#1
I love my family, i really do, but when we all get together, something always seems to happen. This year, I found my 26 yr old sister may not be related to me at all!


So Pit, what are some shocking family get together stories, because we all have that crazy uncle who likes to tell war stories when he's drinkin eggnog and Jim Beam!
#2
We all just get drunk as ****.
Epiphone Les Paul (Modded with 2 passive pickups and an EMG81)
Yamaha RG guitar w/ Floyd Rose
Rogue Acoustic

BlackHeart BH5 Tube Amp


Danelectro Metal. Digitech Bad Monkey, Digitech CF-7, Crybaby Wah, Danelectro EQ.
#4
Quote by Erik_Aero
My dad gets drunk on Christmas and beats me.

My dad gets drunk on Christmas and doesnt beat me. Its his own little way of giving me a present.
...In my opinion.
#6
We avoid talking, cuz if we talk...arguements & all-out brawls start. Yeah, people start bitching, then punches go flying, then somebody ends up with a bruise on their face. By this point, usually whoever's the drunkest is the winner for that year. Hence, we usually don't talk. "Yeah, pass the Tequila" -- That's the only phrase I ever say for 8 uncomfortable hours.

So...how's your fucking family?
Last edited by crazysam23_Atax at Dec 25, 2009,
#8
Dude, if she's in no way related to you, you gotta hit that. For /pit/, man. For /pit/.
~don't finkdinkle when ur supposed to be dimpdickin~
#9
Quote by Primus2112
Dude, if she's in no way related to you, you gotta hit that. For /pit/, man. For /pit/.

Please never do that again and go back to /b/.

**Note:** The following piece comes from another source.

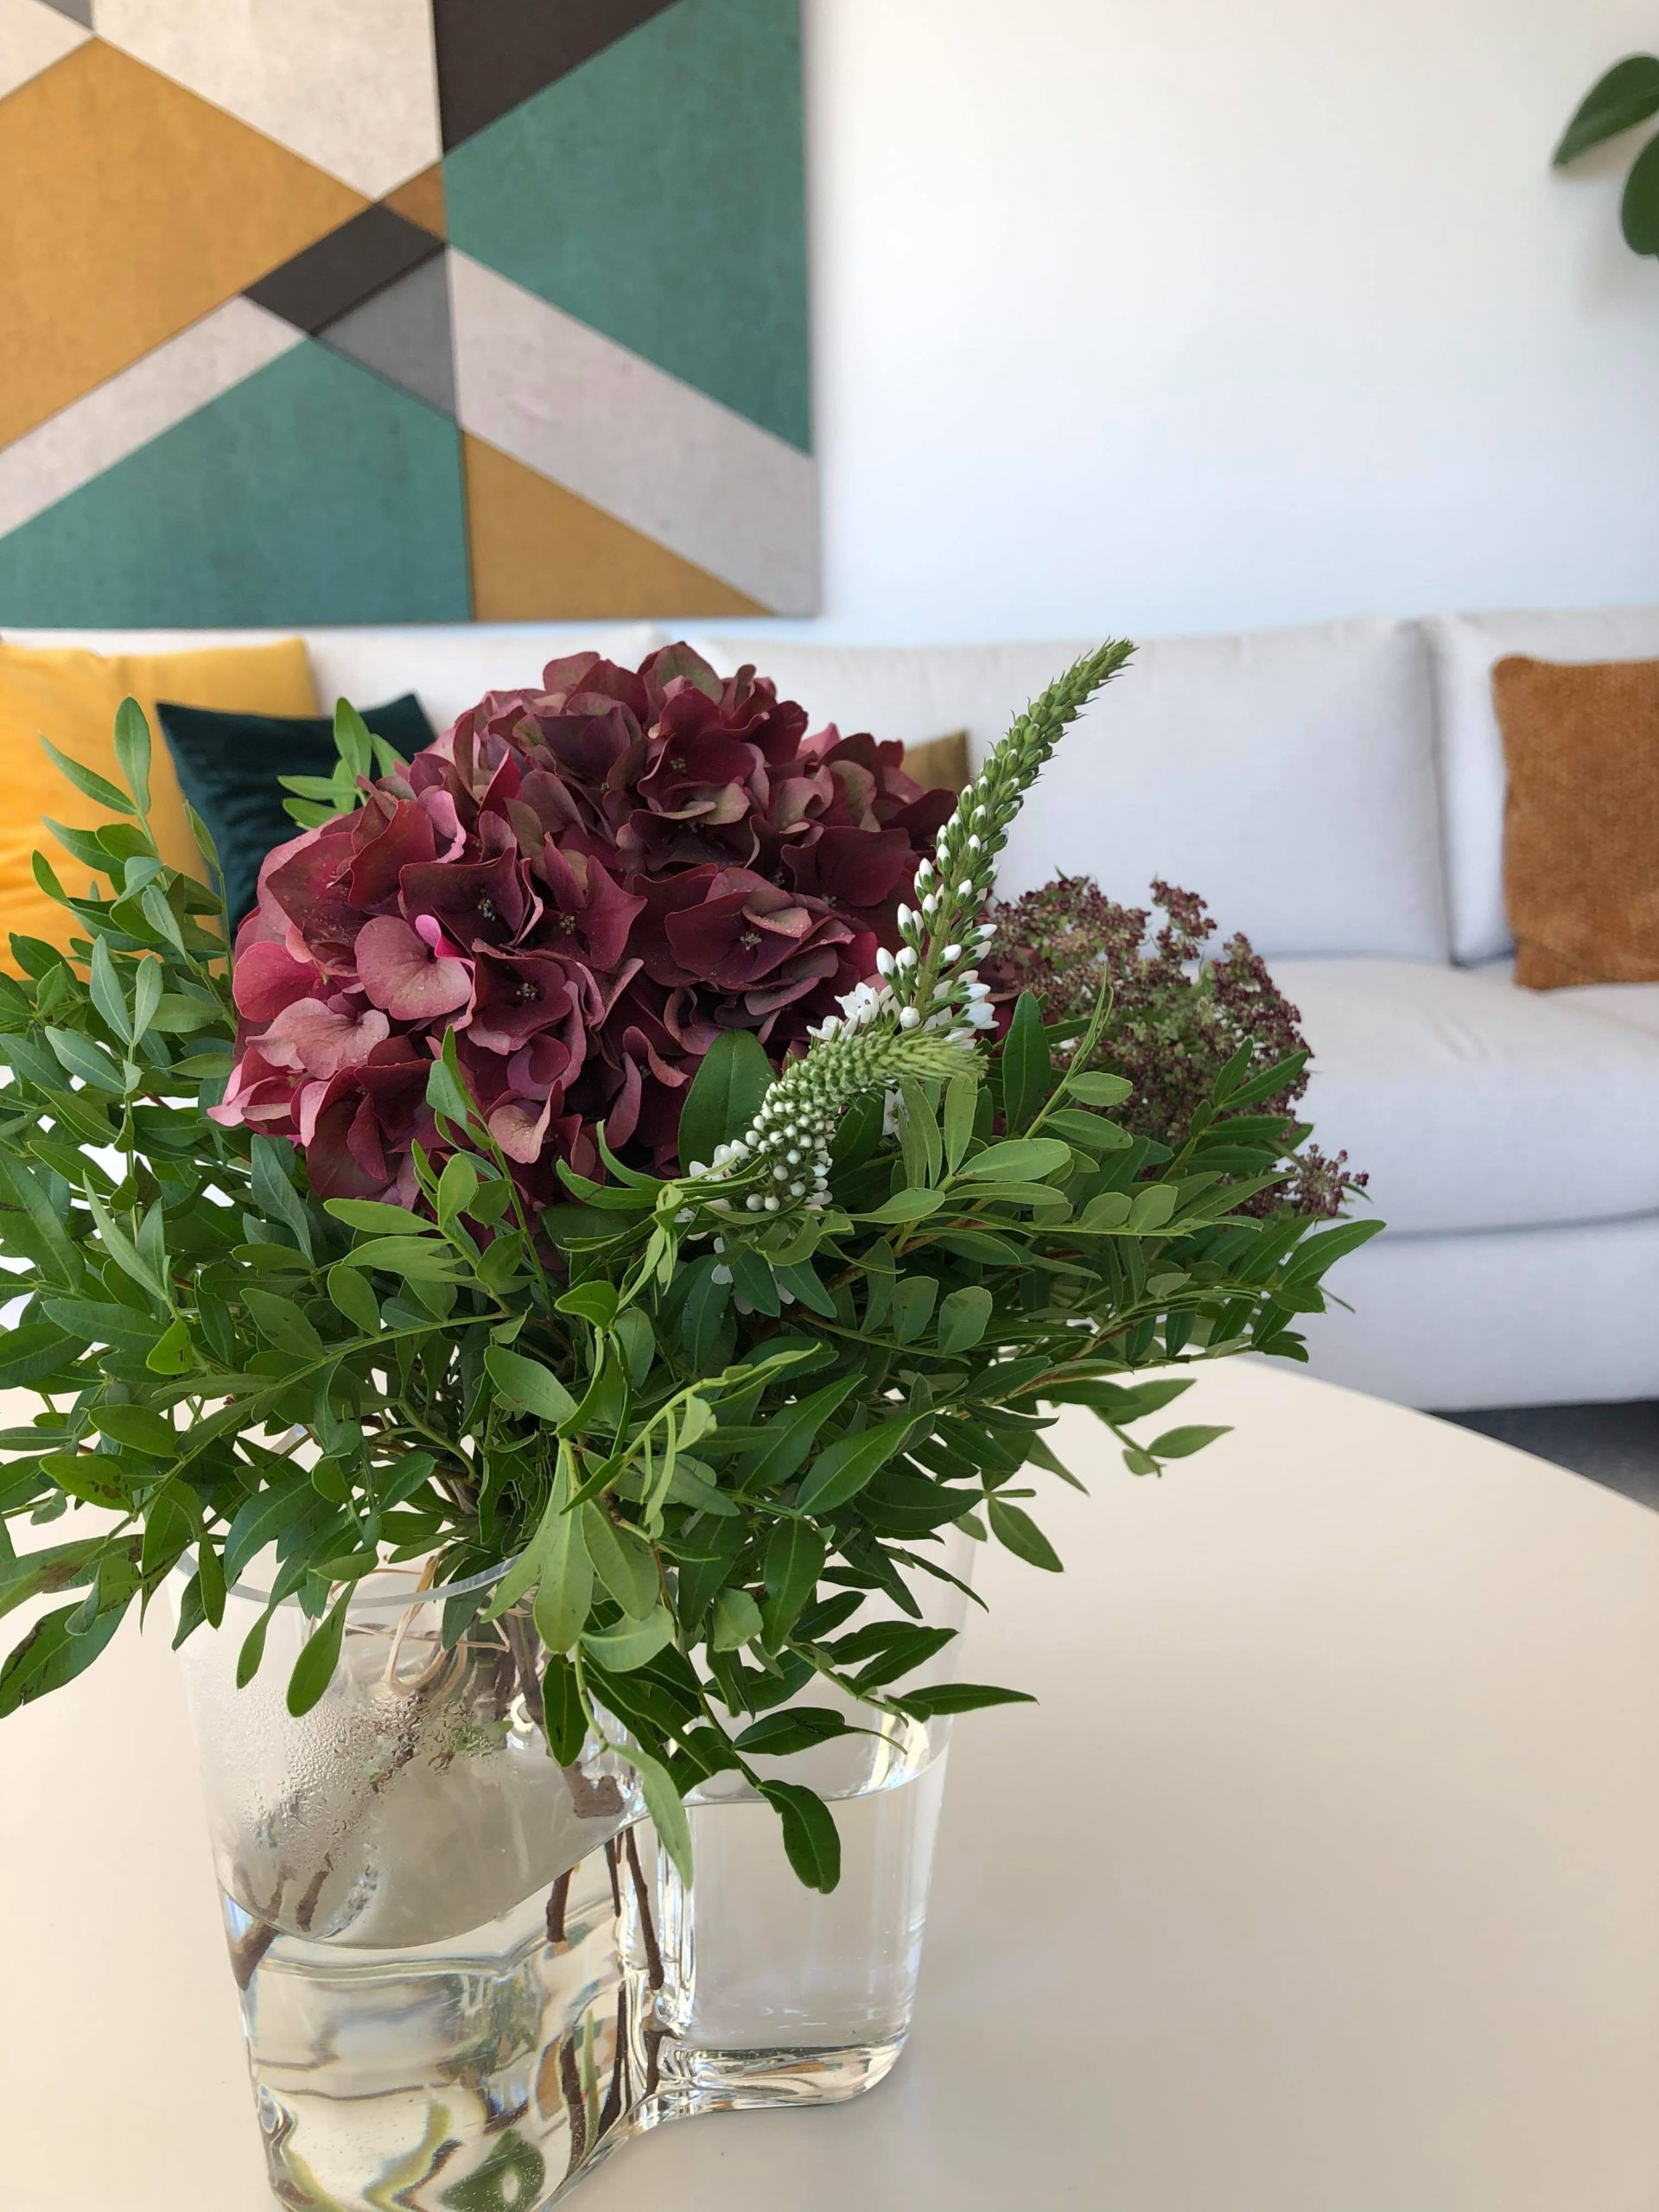 Viikonloppukimppu hortensiasta

Besides, if we did identify ourselves that way, it'd be "do that for /forumdisplay.php?f=11/.
Defender of the Llama
#10
Quote by mmm_watcha_say
Please never do that again and go back to /b/.

Besides, if we did identify ourselves that way, it'd be "do that for /forumdisplay.php?f=11/.


I just saw that used and thought it was funny. I'll stop.

UNREGARDLESS I stand by my statement.
~don't finkdinkle when ur supposed to be dimpdickin~
#12
My two younger cousins and I lock ourselves in the guest bedroom of my grandmother's house and trade guitar licks for about 3 hours, breaking only for food, drinks, and gifts. The whole house can hear some of the most mangled up garbage to ever come out of my little cousin's pawn-shop-special. Pearl Jam, Primus, Metallica, SRV, Hendrix, RHCP, Pixies, Bad Company, Slayer, OffSpring, Ramones, Freddie King, B.B. King, Cannibal Corpse(yes, we played 'I Cum Blood'), Bob Marley, get the picture? Really, we try to piss everyone off. So we wind up dicking around witht he whammy bar and drop-tuning most of the time. We start serious, then get ridiculous.

We never really play a whole song either, just riffs and paices of solos here and there. I told the story of how I wrote a song about sex in the most obvious of metaphorical ways to one of them's guitar jamming, a la Arlo Guttherie's 'Alicie's Restaurant Masacree.'

Yeah, we pretty much leave the old folks and younglings of the family in the other rooms and play guitar, tell dead baby jokes, and try to play guitar with that ham-bone we stole...then subsequently gave to the dog...
I'M IN THE FIGHT TO CURE CYSTIC FIBROSIS...MY LIFE DEPENDS ON IT!


Quote by JustRooster
I'm a straight man, but I'd put that surfcaster right in my mouth.



Quote by JD2k9
Well, life is like a penis.
Women make it hard.
Also, it's short but seems long when it gets hard.
Last edited by Just_a_picker at Dec 25, 2009,
#13
My uncle spilled turkey soup over everyone after tripping over a cord from an electric blanket. I was the only one that had to clean up.
R.I.P. Ronnie James Dio. Supplied amazing music to both me and my mother.

He will be missed.
#14
My family gets drunk and end up fighting with each other over nothing. Tonight, my grandpa and my bro/uncle went at it over car engines and my grandpa kept talking about the pope story. >.>
■■■
'member The Pit of 10'? oH, I 'member!